:: PROBLEM DESCRIPTION ::
Exact copy, pictures excluded: write out every line below.

:: DATA SECTION ::
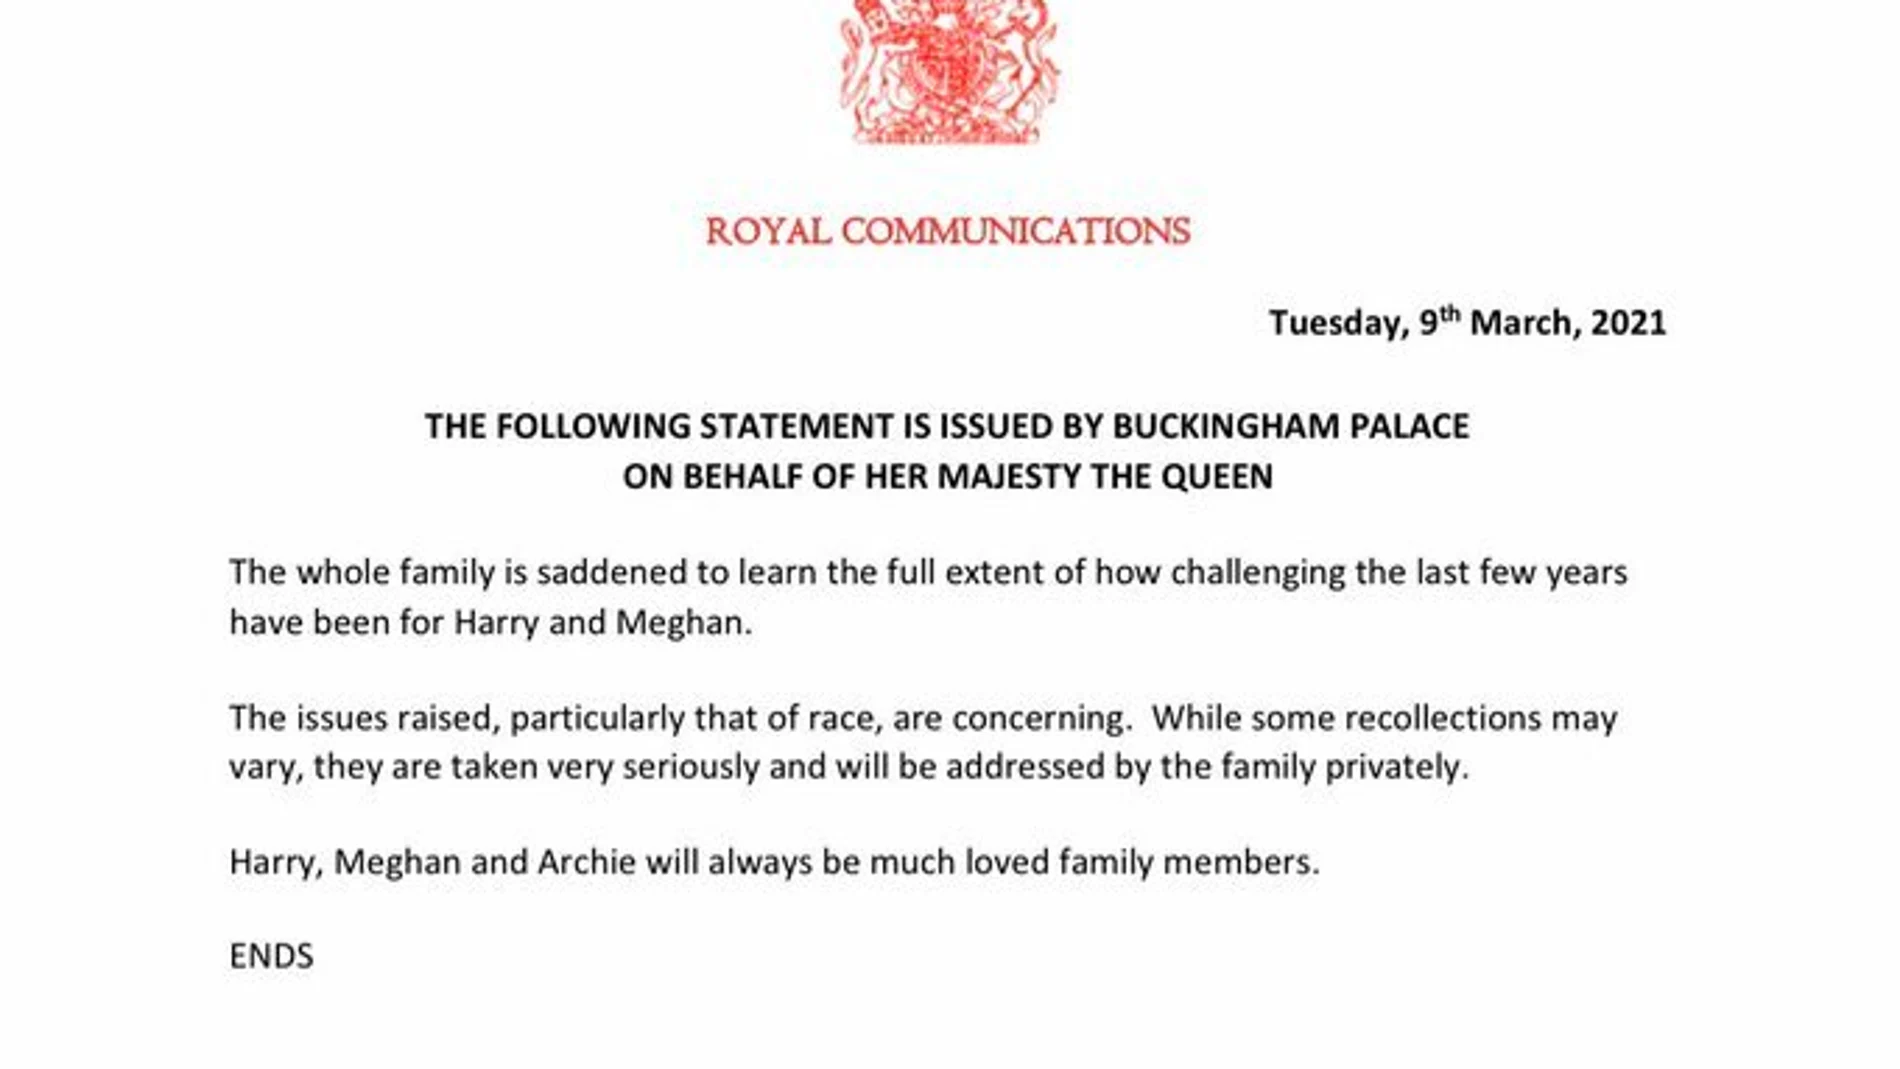 La Casa Real británica se muestra "preocupada" por el racismo que afirmó sufrir Meghan Markle y "lamenta" sus momentos difíciles
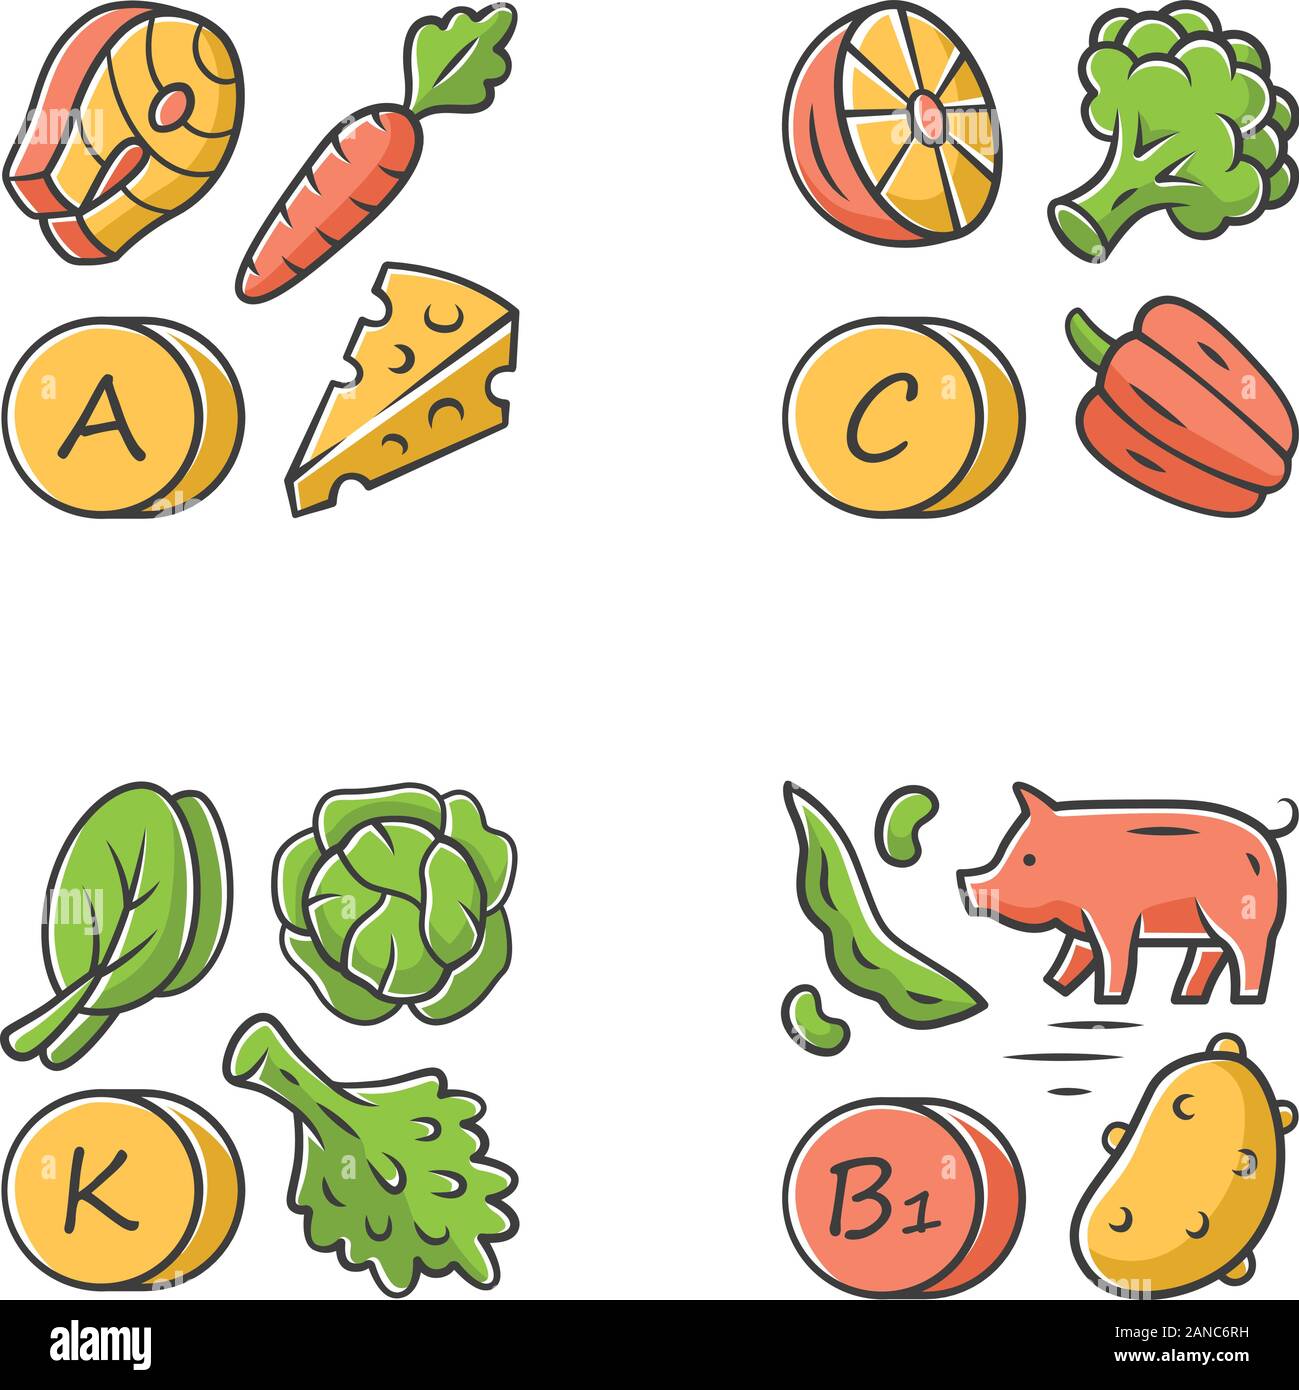 Vitamine farbige Symbole gesetzt. A, C, B1, K Vitamine natürliche Nahrungsquelle. Gemüse, essbare Grüns, Milchprodukte. Die richtige Ernährung. Mineralien, Antioxidationsmittel Stock Vektor
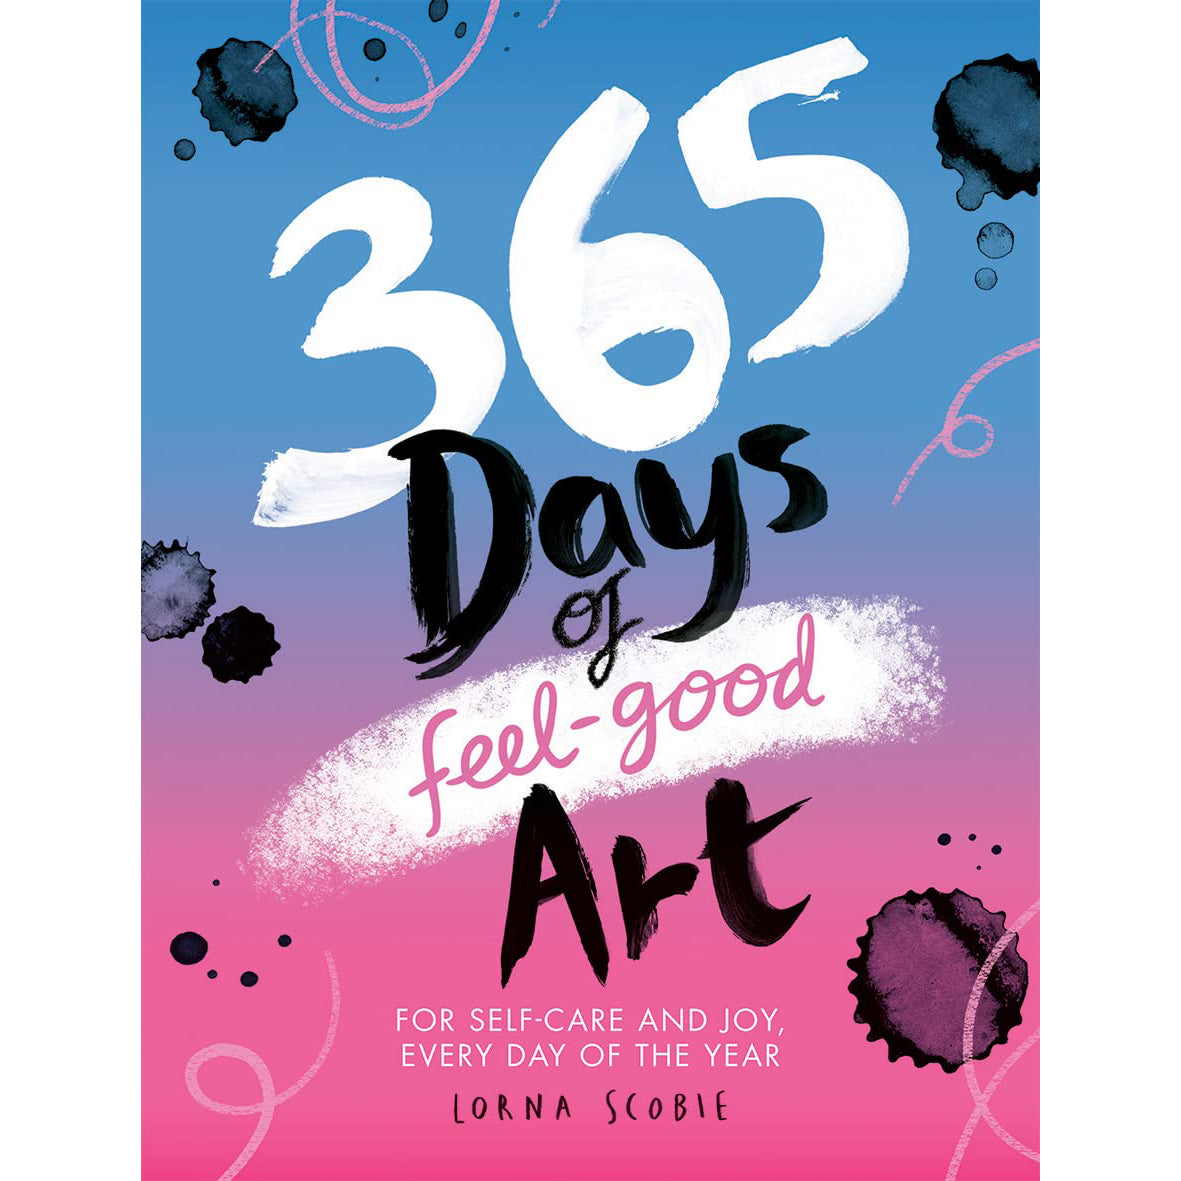 365 Days of Feel-Good Art

:: TASK RESPONSE ::
 La Casa Real británica se muestra "preocupada" por el racismo que afirmó sufrir Meghan Markle y "lamenta" sus momentos difíciles
 Vitamine farbige Symbole gesetzt. A, C, B1, K Vitamine natürliche Nahrungsquelle. Gemüse, essbare Grüns, Milchprodukte. Die richtige Ernährung. Mineralien, Antioxidationsmittel Stock Vektor
 365 Days of Feel-Good Art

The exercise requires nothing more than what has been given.